Zero Stratified KFolds#
- class abil.zero_stratified_kfold.UpsampledZeroStratifiedKFold(n_splits=3)#
Bases:
object
Custom cross-validation generator with upsampling of zero instances for stratified folds.
- get_n_splits(X, y, groups=None)#
- split(X, y, groups=None)#
Generate train-test splits with upsampling of the minority class in the training data.
- Parameters:
X (array-like, shape (n_samples, n_features)) – Feature matrix.
y (array-like, shape (n_samples,)) – Target variable.
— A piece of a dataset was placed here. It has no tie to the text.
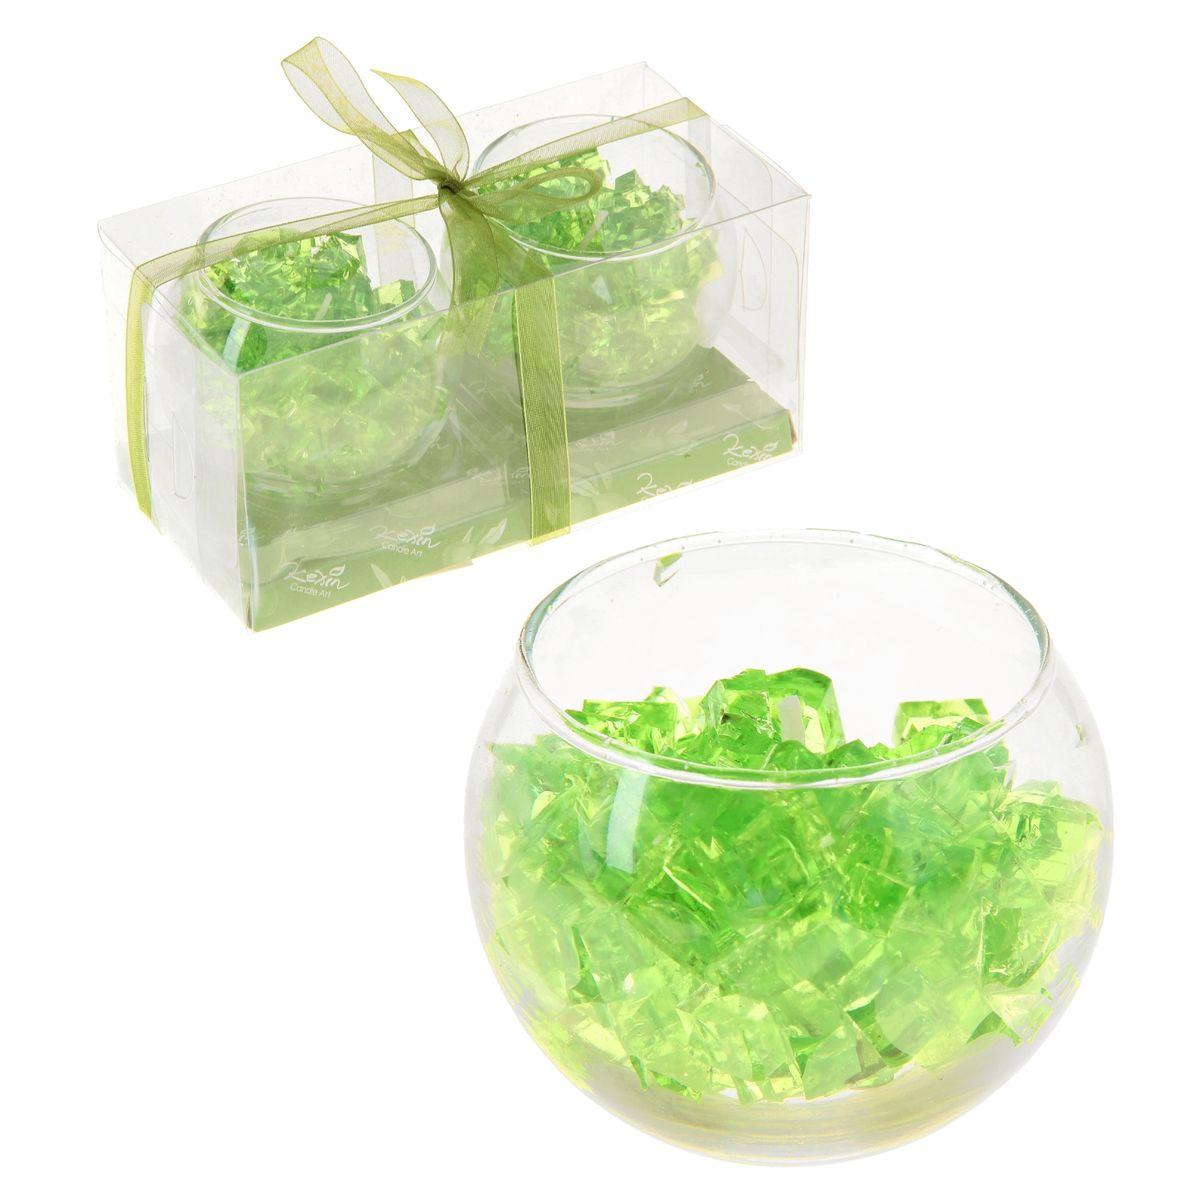 Набор свечей Sima-land Мармелад, цвет: зеленый, 2 шт895602Набор Sima-land Мармелад. Зеленое яблоко, выполненный из геля, состоит из двух декоративных свечей. Свечи расположены в стеклянных бокалах. Изделия порадуют вас своим дизайном и приятным ароматом яблока. Такой набор может стать отличным подарком или дополнить интерьер вашей комнаты.

groups (array-like, optional) – Group labels for the samples, used for group-based splitting. Not used in this method.
- Yields:
train_indices (np.ndarray) – Indices for the training set with upsampled minority class.
test_indices (np.ndarray) – Indices for the test set.
Notes
Converts y into a binary variable (1 for non-zero values, 0 otherwise) for stratified sampling.
Upsamples the minority class in the training set to match the size of the majority class.
Uses StratifiedKFold for generating splits based on the binary target variable.
- class abil.zero_stratified_kfold.ZeroStratifiedKFold(n_splits=3)#
Bases:
object
Custom cross-validation generator to handle zero-inflated targets with stratification.
- get_n_splits(X, y, groups=None)#
- split(X, y, groups=None)#
Generate train-test splits with upsampling of the minority class in the training data.
- Parameters:
X (array-like, shape (n_samples, n_features)) – Feature matrix.
y (array-like, shape (n_samples,)) – Target variable.
groups (array-like, optional) – Group labels for the samples, used for group-based splitting. Not used in this method.
- Yields:
train_indices (np.ndarray) – Indices for the training set with upsampled minority class.
test_indices (np.ndarray) – Indices for the test set.
Notes
Converts y into a binary variable (1 for non-zero values, 0 otherwise) for stratified sampling.
Upsamples the minority class in the training set to match the size of the majority class.
Uses StratifiedKFold for generating splits based on the binary target variable.